– Мати, никто не станет защищать тебя, если будет считать, что тебе ничто не угрожает!
– А я и не беспокоюсь о себе! Если и боюсь, то не за себя!
– Но…
– Ты ничего не знаешь! Совсем ничего!
– Так объясни мне! Ведь все, что я хочу, это помочь! Защитить тебя! Но я не смогу сделать это, не зная…
– Вот и не надо! Ничего не надо! Ты сам сказал, что ни один смертный не может защитить от бога! А у меня нет других врагов, кроме повелителя сновидений! Ни среди людей, ни среди духом и демонов, ни среди небожителей!
– Может быть, ты просто не знаешь…
– Знаю! – Мати говорила так громко, что, привлеченные ее голосом, к ним стали оборачиваться шедшие рядом караванщики. Заметив это, девушка нервно дернула плечами и поспешила к своей повозке.
Юноша смотрел ей вслед, качая головой.
– Киш, что случилось? – к нему быстрой походкой подошел хозяин каравана. – Что с нашей гостьей? Что ты сказал ей? Ты же знаешь, что…
– Я говорил лишь то, что мне было велено – что мы готовы защитить ее от всех бед, за исключением разве что гнева небожителей, потому что последнее не по силам никому из смертных.
– Эти слова не могли так разозлить ее! Значит, дело в том, каким тоном ты все это сказал, какие слова подобрал…
– Я…
– Ладно, хватит, – поморщившись, хозяин каравана прервал его.
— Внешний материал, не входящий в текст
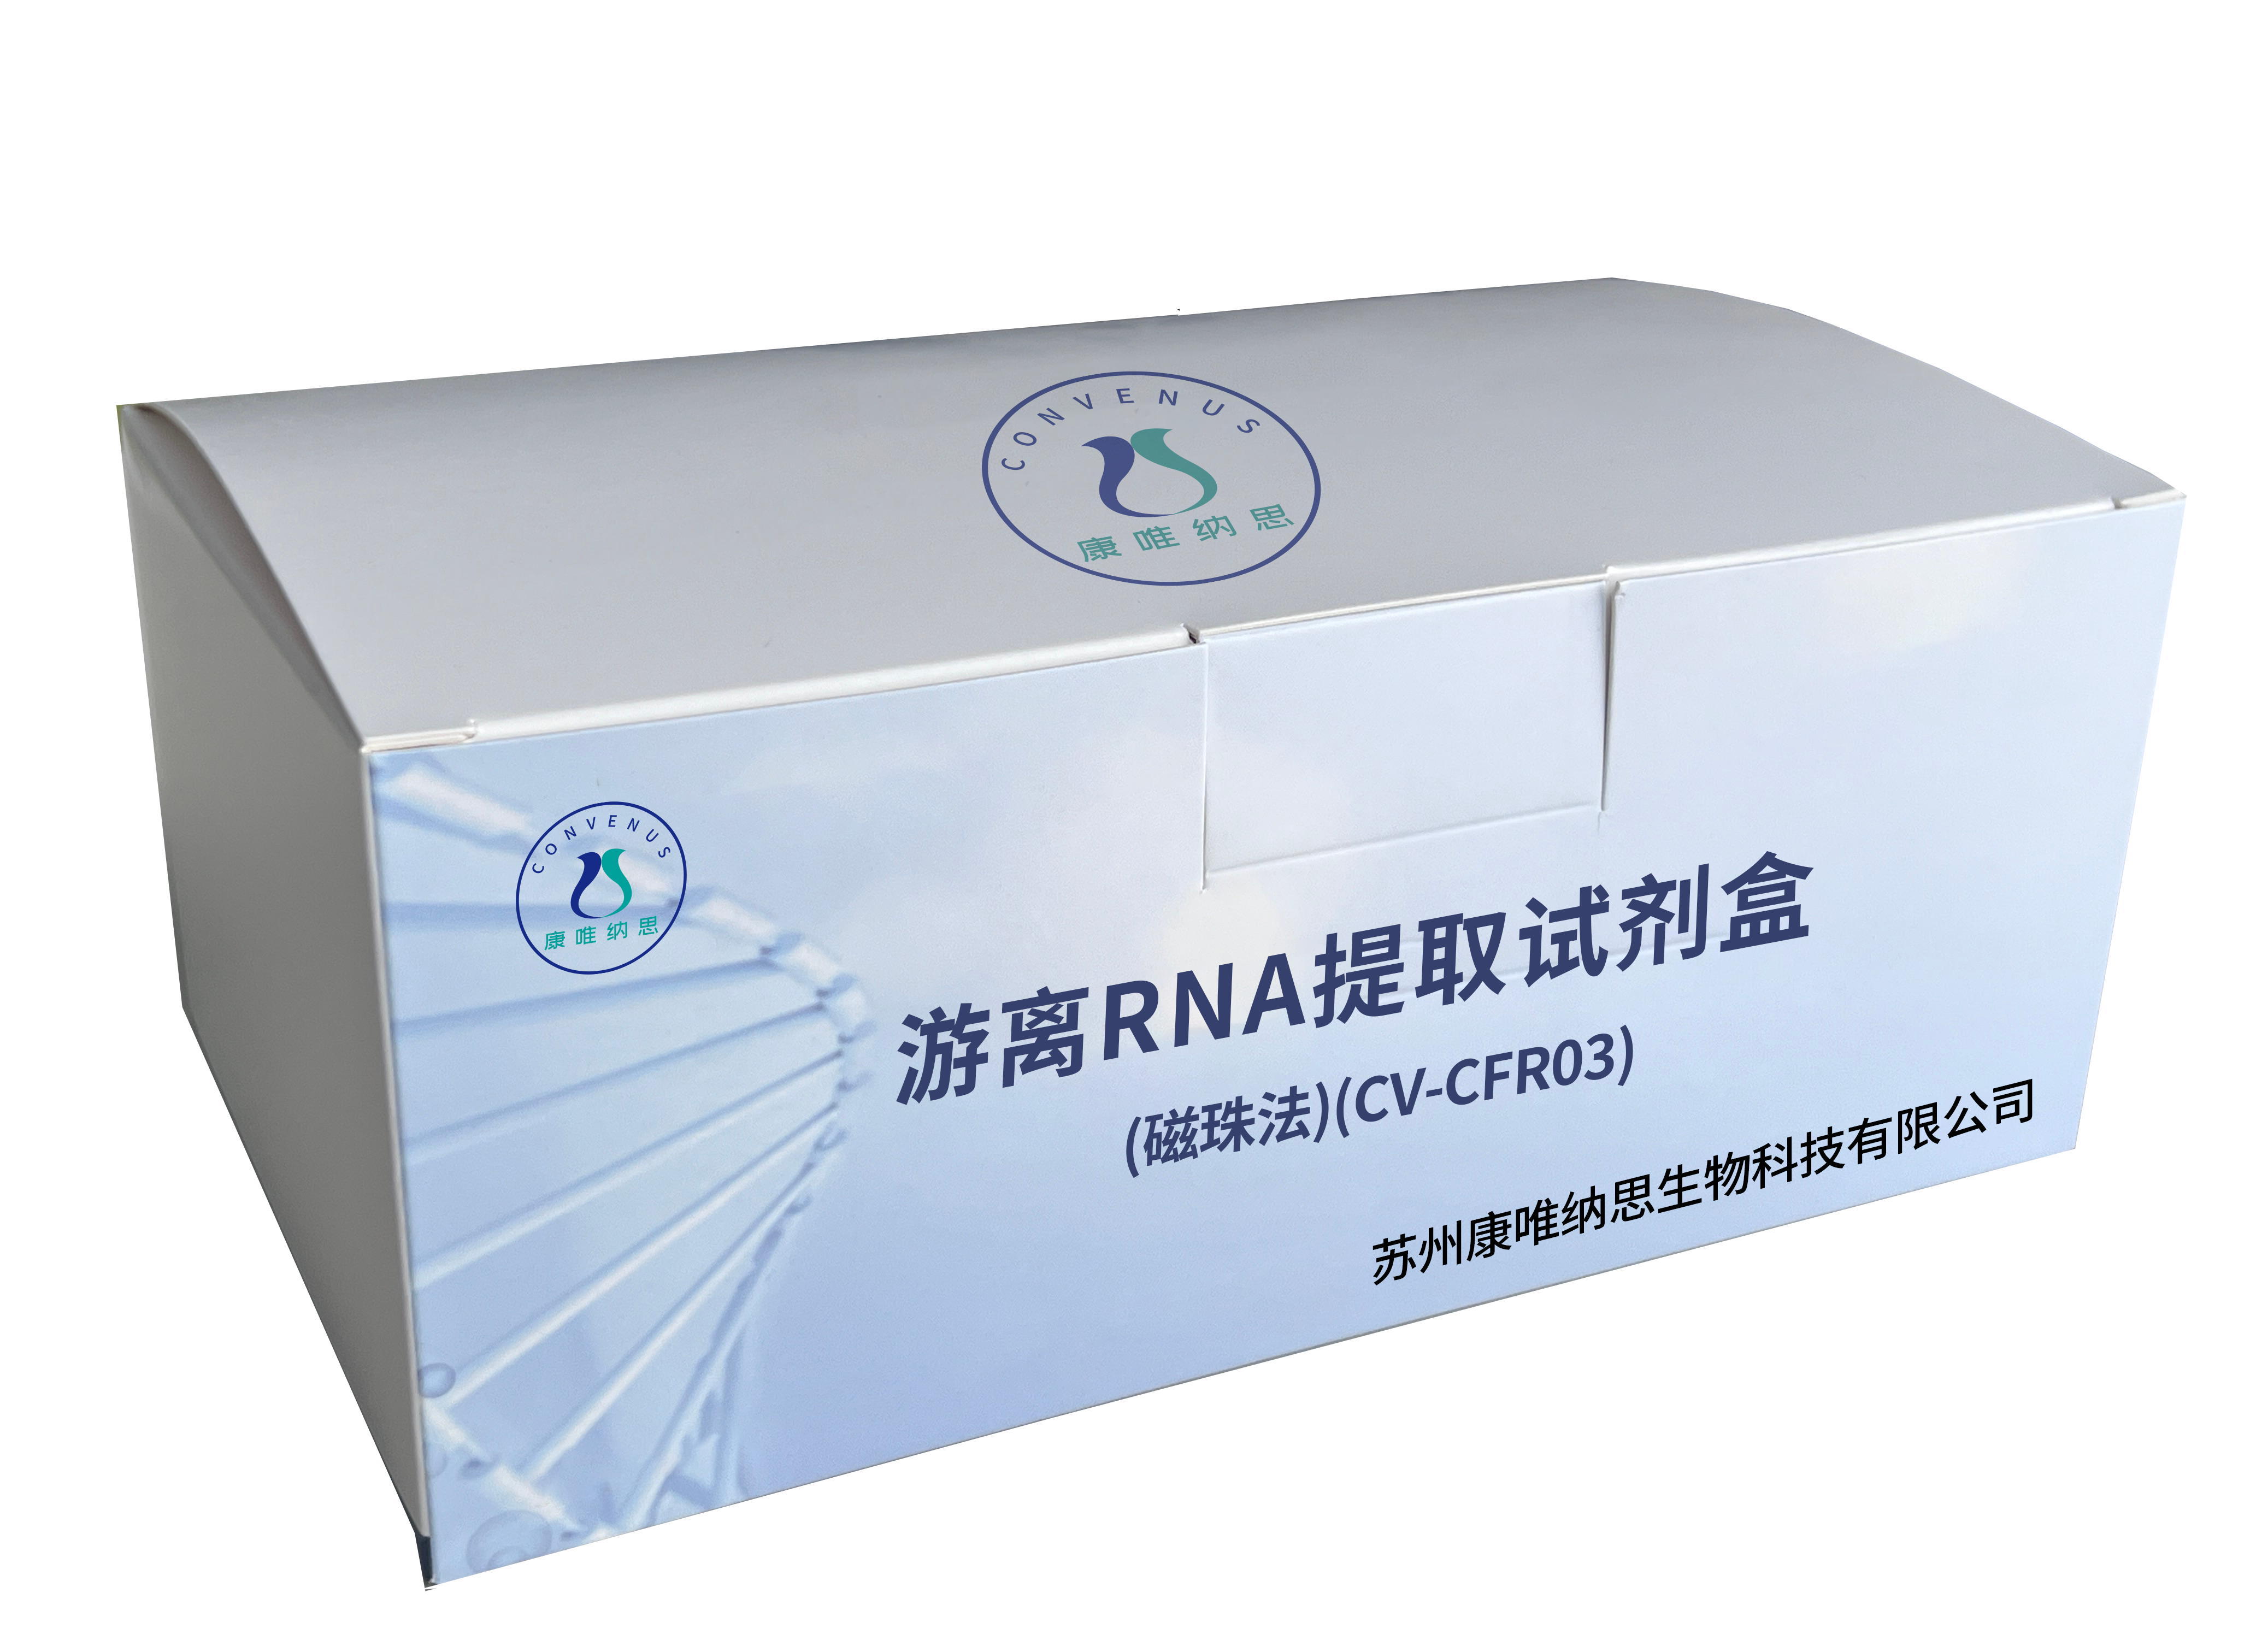 游离RNA提取试剂盒(磁珠法)(CV-CFR03)

Меньше всего в этот миг ему хотелось слушать оправдания. – Что уж теперь… Будем надеяться, что в стремлении сделать все наилучшим образом, мы ничего не испортили, – пробурчал он себе под нос.
Глава 11
Мгновенья бежали без оглядки. Каждый новый день пролетал быстрее предыдущего, словно время, замешкавшееся в начале пути, спешило наверстать упущенное. А Мати даже не замечала этого, когда, стоило образоваться свободному мигу, чтобы остановиться, оглянуться назад и задуматься, как тотчас находились неотложные дела: дети, жаждавшие услышать сказку, или взрослые, обнаружившие какую-то непонятность в легендах нового времени. К вечеру же Мати так уставала, что, стоило ей забраться в свой угол повозки, как дрема валила ее с ног, накрывала своим теплым одеялам и шептала на ухо слова самых сладких надежд до тех пор, пока девушка не засыпала глубоким беспробудным сном. Этот сон, лишенный видений, черный, как чрево повозки, потерявшей огонь, пролетал мгновенно, словно снежинка на крыльях метели, не оставляя после себя никаких воспоминаний, лишь тяжелое, гнетущее чувство потерянного времени.
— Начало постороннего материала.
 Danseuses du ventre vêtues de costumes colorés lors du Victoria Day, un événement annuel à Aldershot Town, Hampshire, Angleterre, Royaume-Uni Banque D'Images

Когда же, наконец, все сказки были рассказаны, а легенды объяснены и у нее появилось время на то, чтобы задуматься, она почувствовала себя такой несчастной, что, наверно, разрыдалась бы, если б смогла Сердце сжалось от невыносимой боли, душа вспыхнула, будто лампа с огненной водой, обида смешивалась со страхом, а одиночество с отчаянием.
Как же так! Прошел целый месяц! Не день, не два – она поняла бы, но месяц! Это просто не укладывалось у нее в голове!
Пряча от чужих взглядов зажегшиеся в глазах слезы отчаяния и кусая от обиды в кровь губы, Мати выскользнула из повозки, ища спасение от страшного внутреннего жара в холоде сумерек снежной пустыни.
Было еще очень рано. Солнце не успело подняться над землей, и бледноликая пустыня, погруженная в полутьму, казалась особенно мрачной. Дул ледяной ветер.
Девушка надвинула шапку на самые брови, подняла воротник, пряча дыхание в пушистую шаль, втянула руки в рукава, однако несмотря на все это, продолжала зябко ежиться: как она ни пыталась согреться, ей по-прежнему было холодно.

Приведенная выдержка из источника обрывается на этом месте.